The author of this book review takes the opportunity to launch an attack on Freemasonry:
Camille Ferri Pisani: |
Prince Napoleon in America, 1861.
Translated by Georges J. Joyaux. 317pp. Galley Press. 25s.
The Prince Napoleon in question is Napoleon III's cousin Jérôme Napoleon, better known as Plon-Plon. He travelled to America in 1861 as a private individual, since his presence in Paris as a public individual on the steps to the throne was once again threatening to turn into a major scandal. His friends, the Freemasons, had elected him their Grand Master in succession to Prince Murat, who had incensed the lodges by speaking in favour of the Pope's temporal power. The Emperor, not previously consulted, saw in the election a gross interference in a highly delicate situation and had it declared invalid.
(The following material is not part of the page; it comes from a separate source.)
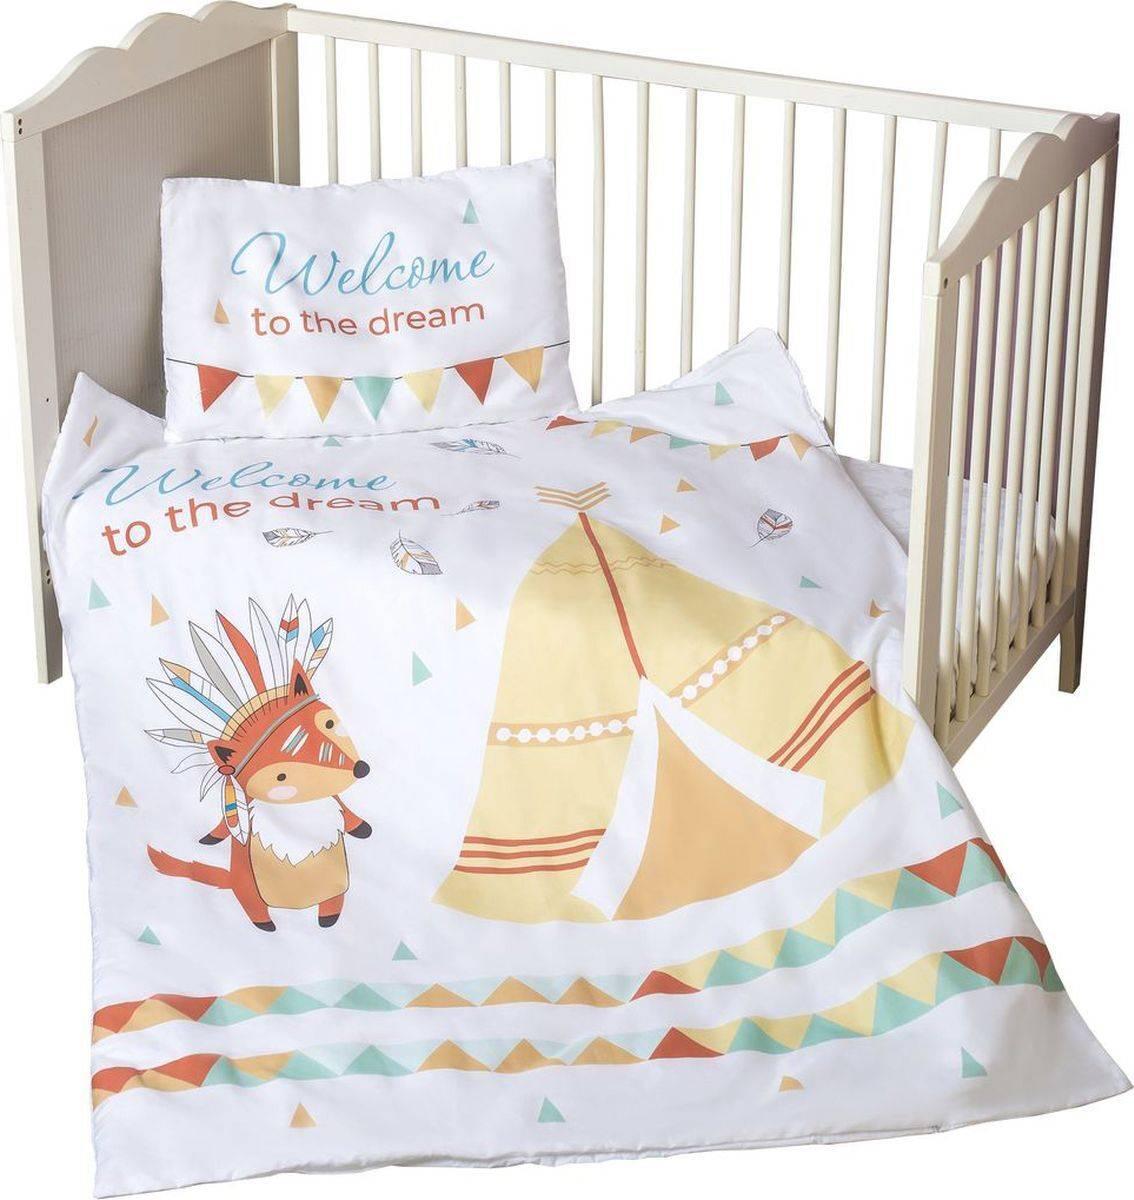 Комплект в кроватку для новорожденных из 7 предметов: входят ли в детский набор бортики и балдахин, а также в чем отличие от постельного белья из 4 и 6 вещей?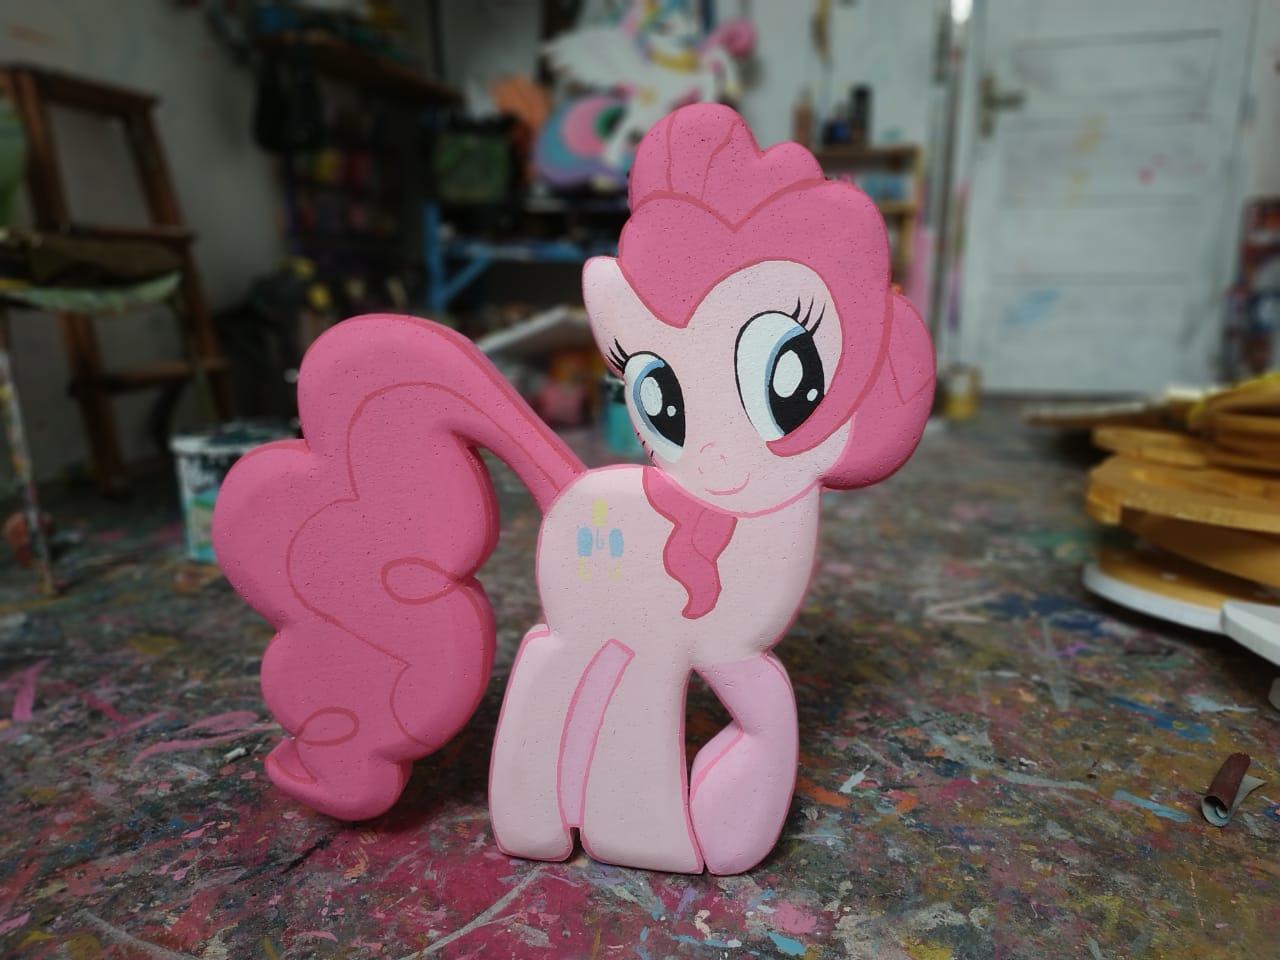 dekorasi little pony dari Styrofoam untuk acara ulang tahun anak

Plon-Plon, who earlier in the year had suffered a humiliating defeat at the hands of the Duc d'Aumale, made it plain that he was bowing resentfully before the Emperor's despotic power and when Murat wrote him a haughty letter reacted with Corsican, though not Napoleonic, rudeness. A duel seemed, unavoidable, but the Emperor wrote sharply to his recalcitrant cousin who then went on his cruise. Marshal Magnan became Grand Master, and the Masons resumed their tunnelling with temporarily blunted claws.
Excerpted from "Plon-Plon in America", Literary Supplement, 29 July 1960, from a clipping in the Grand Lodge of British Columbia and Yukon Library.